The spectacular lesser flamingo appears to have won the latest round in on-off development plans for one of its most important breeding sites.
Dr Julius Ningu, the Tanzanian Government’s Director of Environment, has said that Lake Natron, which hosts 75 per cent of the world’s lesser flamingos during the breeding season, will be maintained as an “ecological system so that flamingos continue to breed”.
Dr Ningu clarified his Government’s views on the use of natural resources saying “we mean for the benefit of current and future generations.” He told journalists that the extraction of soda ash from the lake, a project first mooted in 2006, “for sure can’t be beneficial to the future generations”. Dr Ningu implied that scientific evidence against the proposal could override economic arguments.
WWT has welcomed Dr Ningu’s statement. Rebecca Lee, Senior Species Conservation Officer at WWT and Chair of the international Flamingo Specialist Group, said: “We’re very pleased to hear this news. While it’s unclear exactly what Dr Ningu’s words will mean for the future of lesser flamingos in the Great Rift Valley, addressing the potential impacts of the soda ash scheme is a positive step and will hopefully ensure the breeding of lesser flamingos at Lake Natron will not be disrupted.”
WWT warned of “catastrophic decline” six years ago when the Indian multinational Tata Chemicals, in conjunction with the Tanzanian Government, announced plans to extract soda ash from Lake Natron, a Ramsar wetland. A huge industrial plant was planned, together with a network of pipes across the lake’s surface. The development would be served by new railways and roads.
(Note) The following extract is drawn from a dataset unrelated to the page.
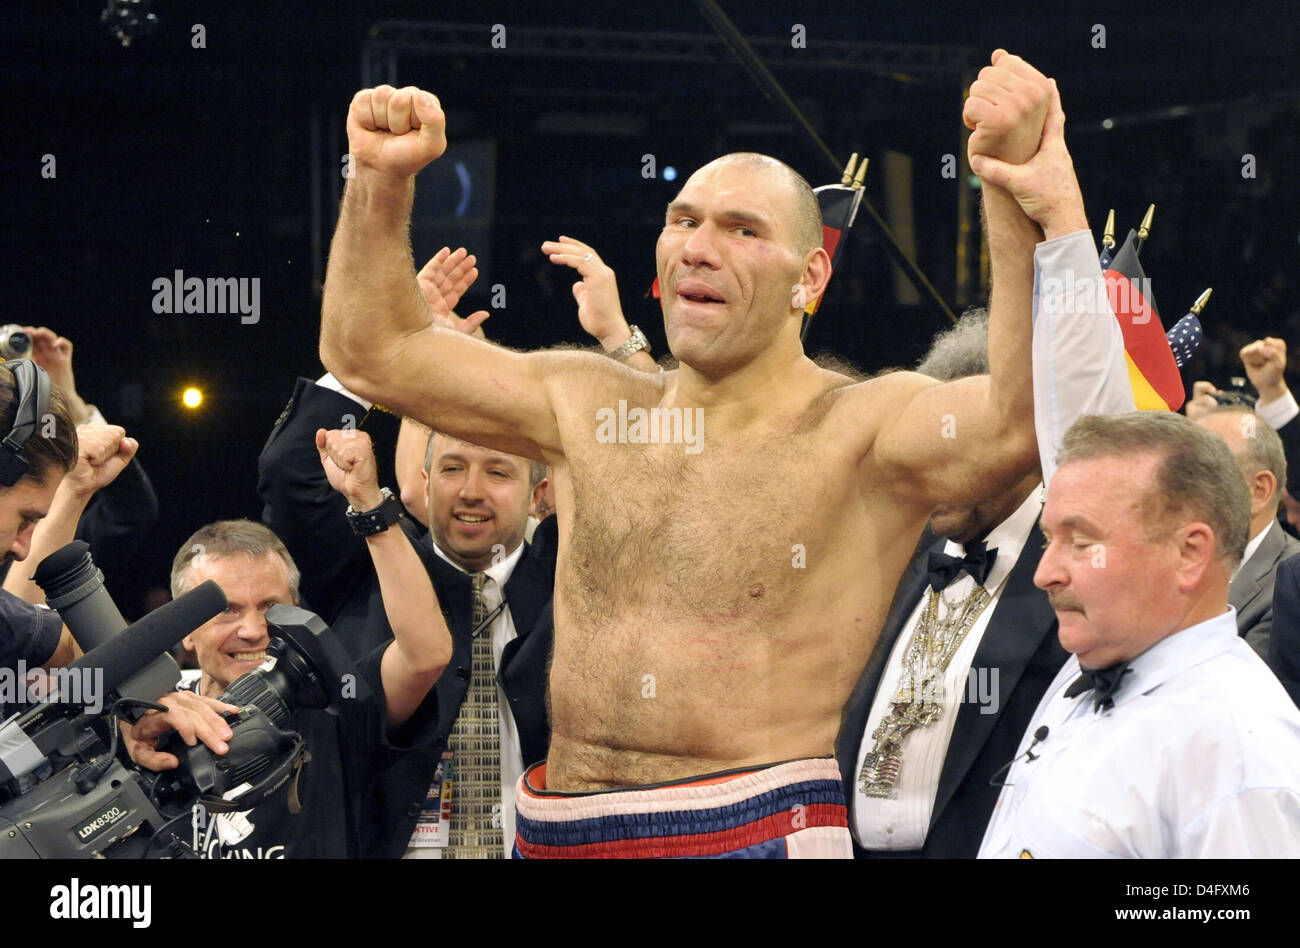 Russian boxer Nikolai Valuev cheers after his World Boxing Association (WBA) heavyweight title fight against US John Ruiz in Berlin, Germany, 30 August 2008. Valuev, who had lost the title in April 2007, won the fight in a split decision. Photo: Soeren Stache Stock Photo

The proposal was withdrawn in 2008 but never entirely scrapped. More recently, construction of a new highway was proposed through the Serengeti National Park, close to the site.
Between 1.5 million and 2.5 million lesser flamingos are found in East Africa, most breeding on Lake Natron. The site is isolated and food plentiful making it ideal for a species so readily disturbed.
The birds create a memorable spectacle for wildlife tourists attracting an estimated US$500,000 (£315,000) annually to the Tanzanian economy. The lesser flamingo is classified as Near Threatened by the IUCN. WWT fears it would face significant decline if development was sanctioned.